- _What to do_:
Below are some records. Return exactly the lines from the one containing "Frigidaire B manual" through the one containing "Affordable Rustic Dining Table Sets", both included, and only those.

- _Dataset content_:

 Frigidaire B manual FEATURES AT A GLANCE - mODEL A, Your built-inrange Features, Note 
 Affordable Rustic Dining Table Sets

* * *

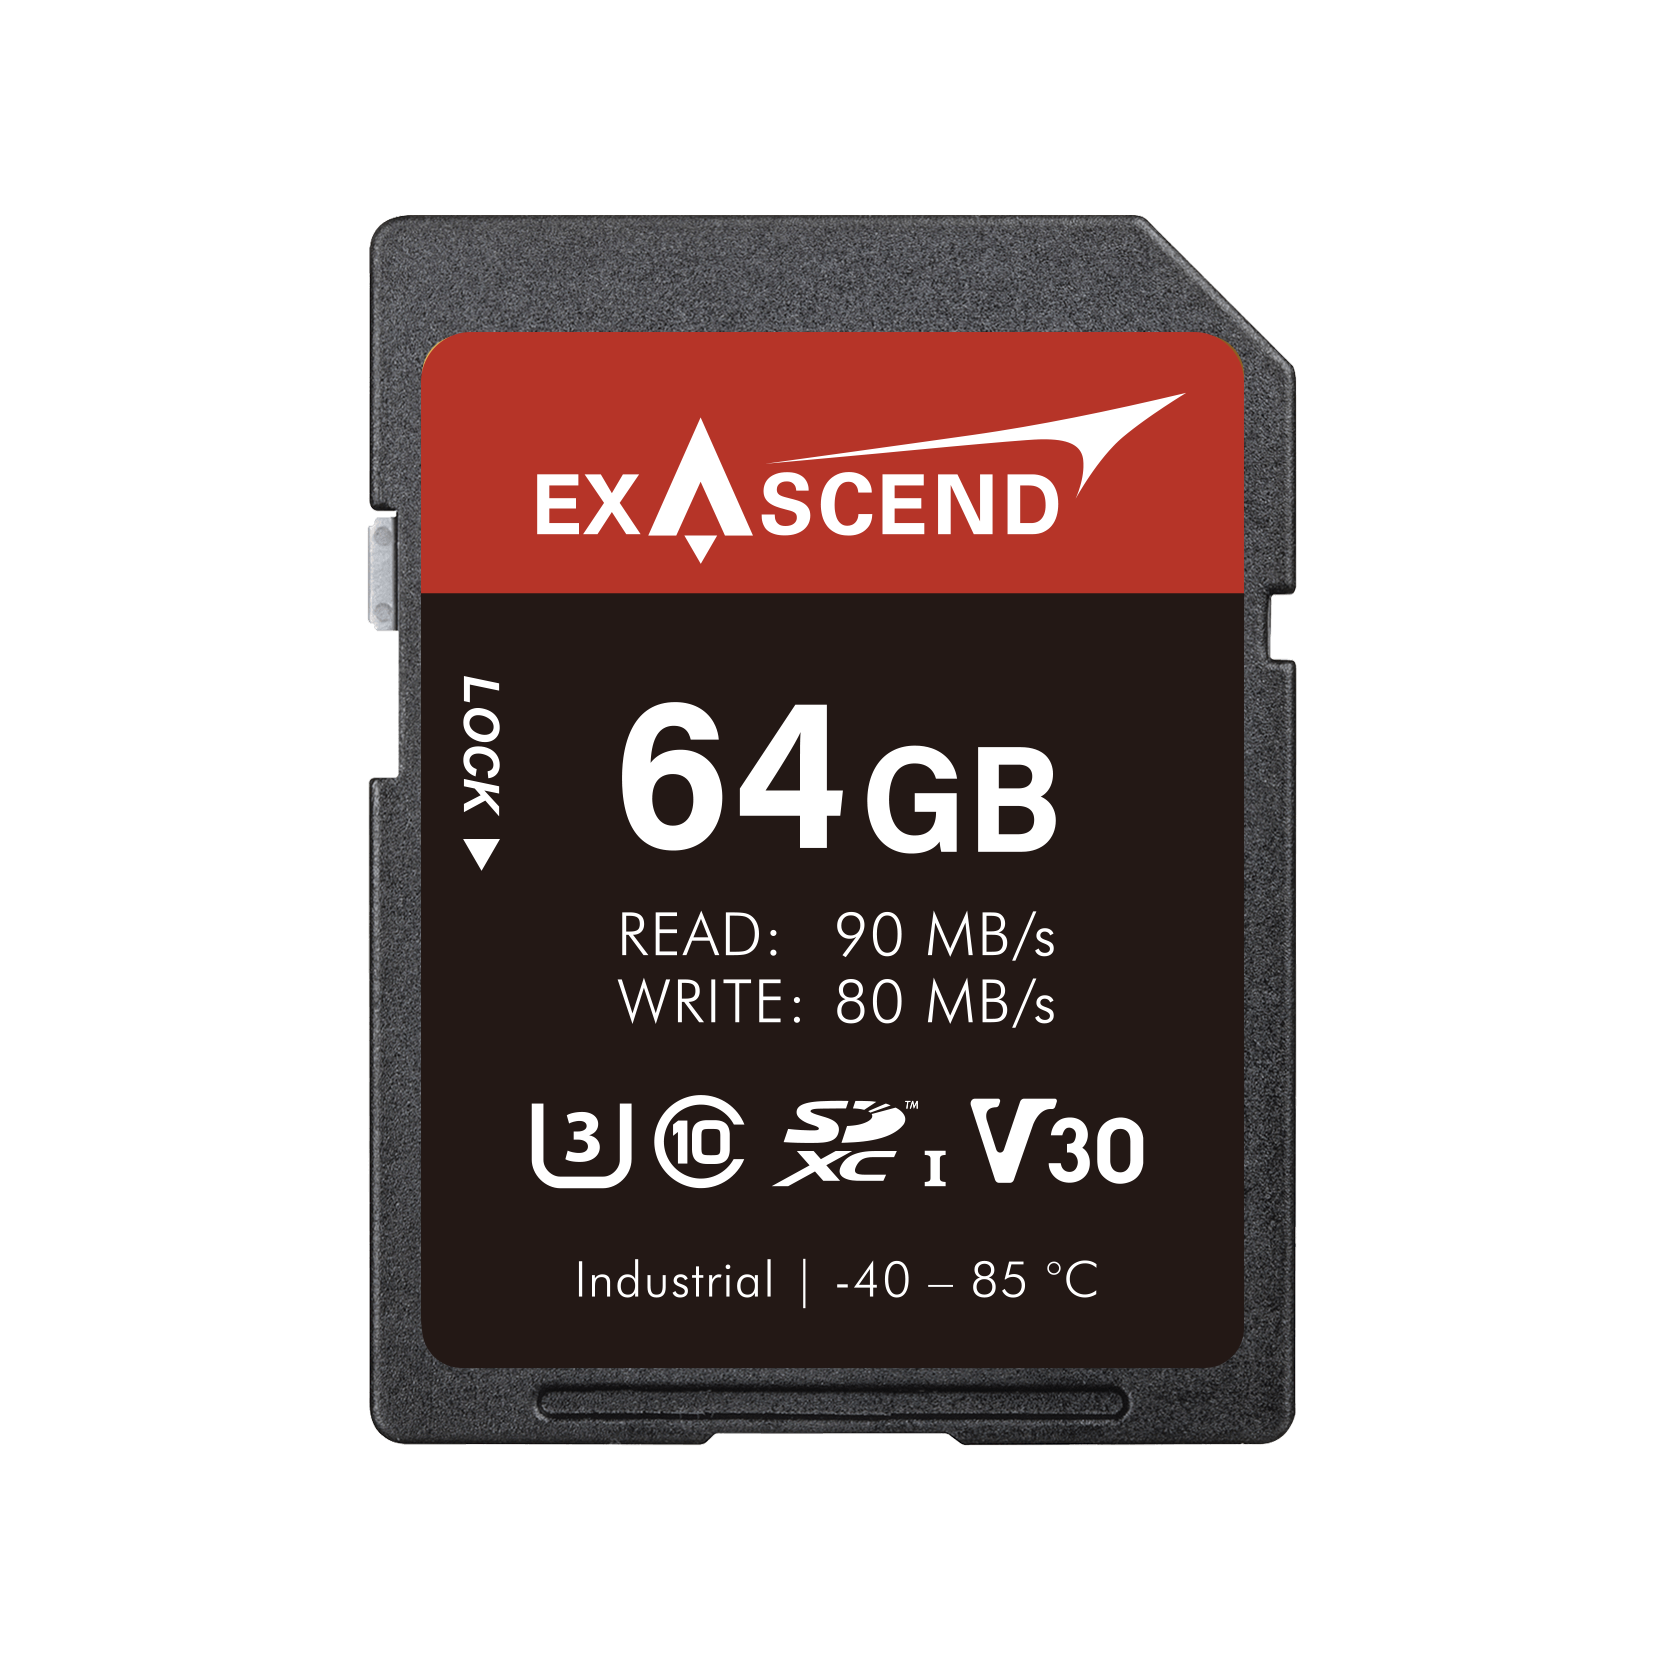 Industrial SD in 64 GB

- _Response below_:
 Frigidaire B manual FEATURES AT A GLANCE - mODEL A, Your built-inrange Features, Note 
 Affordable Rustic Dining Table Sets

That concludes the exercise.